Maggio 5, 2023 morenomaugliani

Un anno senza mia madre: riflessioni sulla percezione del Tempo e del Dolore.

Dipende tutto da come guardi le cose.

Gli antichi Greci avevano due parole per descrivere il tempo: kronos e kairos. Il primo rappresenta lo scorrere dei minuti. Il secondo rappresenta la qualitá dello stesso. Secondo Kairos, un’ora insieme alla persona amata può equivalere a cinque minuti di Kronos. Dieci minuti di attesa in un ospedale possono equivalere a un numero indefinito di ore.

Mamma è andata via 1 anno fa.

52 settimane. 365 giorni. 8760 ore. 525600 minuti.

Chiaro, no?
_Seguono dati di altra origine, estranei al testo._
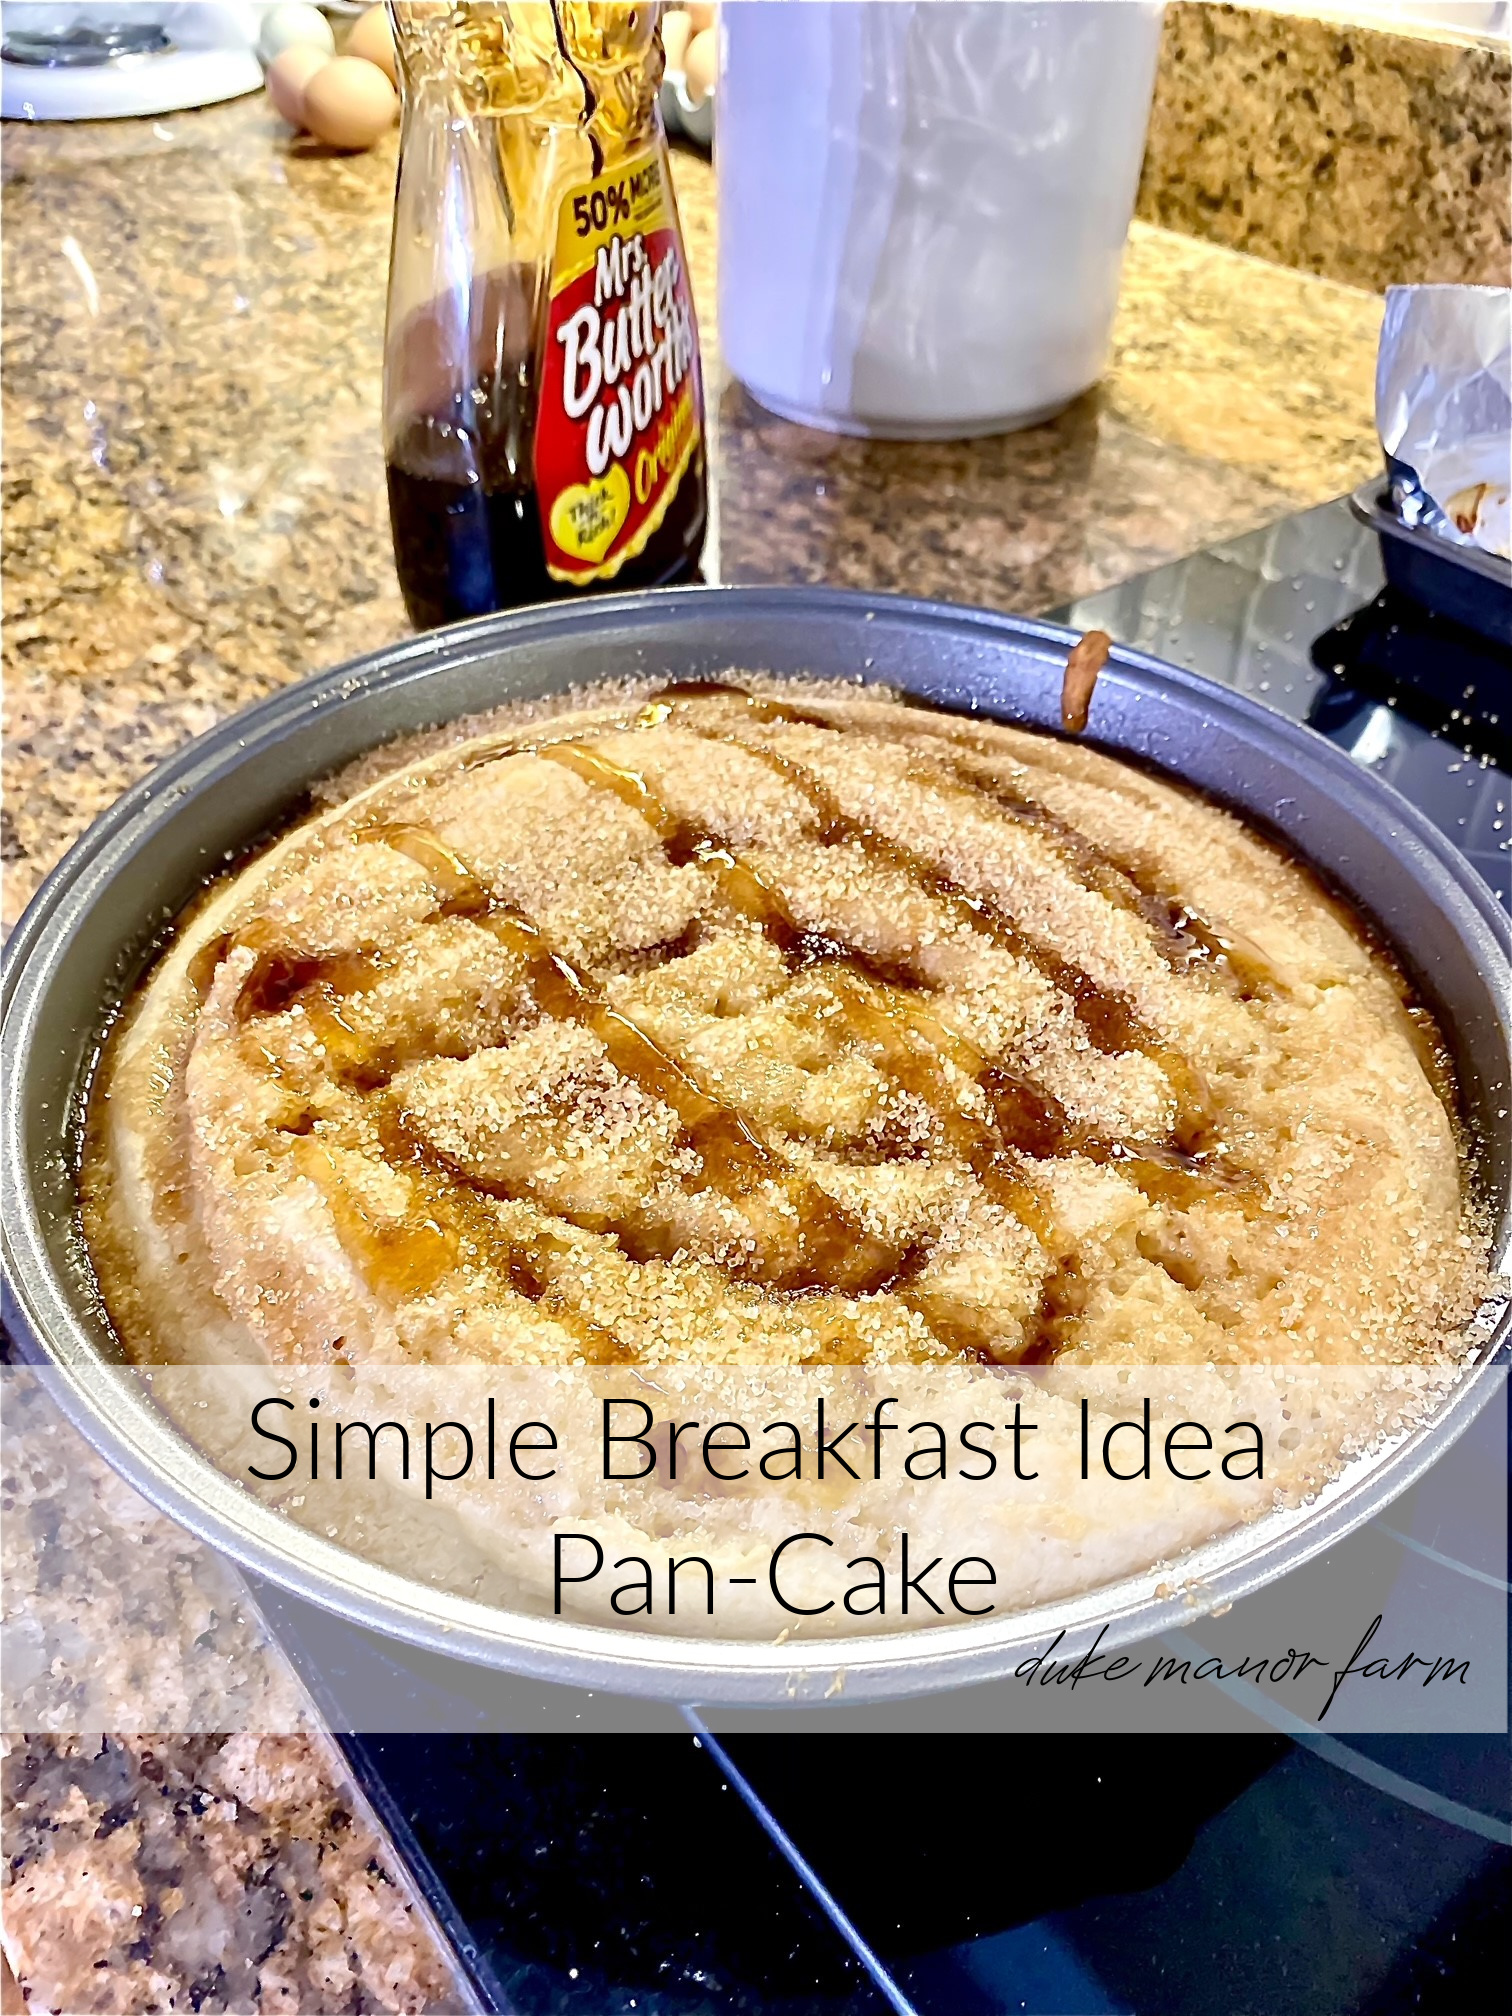 Simple and Delicious Breakfast Idea

Invece Kairos colpisce forte. Mi stordisce. Non è vero che un anno dura un anno. Se mi dicessero che è andata via dieci anni fa, ci crederei. Se mi dicessero che in realtà non è mai andata via, ma è semplicemente a casa che mi aspetta, ci crederei lo stesso.

Ho passato diverse fasi. Sono stato triste, perso, impaurito, arrabbiato con Dio e con il mondo. Ho pianto tanto, mi sono scoperto fragile, sensibile, forte. Mi sono sentito in colpa per ridere, per sentirmi felice, per fare l’amore. Mi sono sentito infinitamente grato per poter ridere, per potermi sentire felice, per poter fare l’amore.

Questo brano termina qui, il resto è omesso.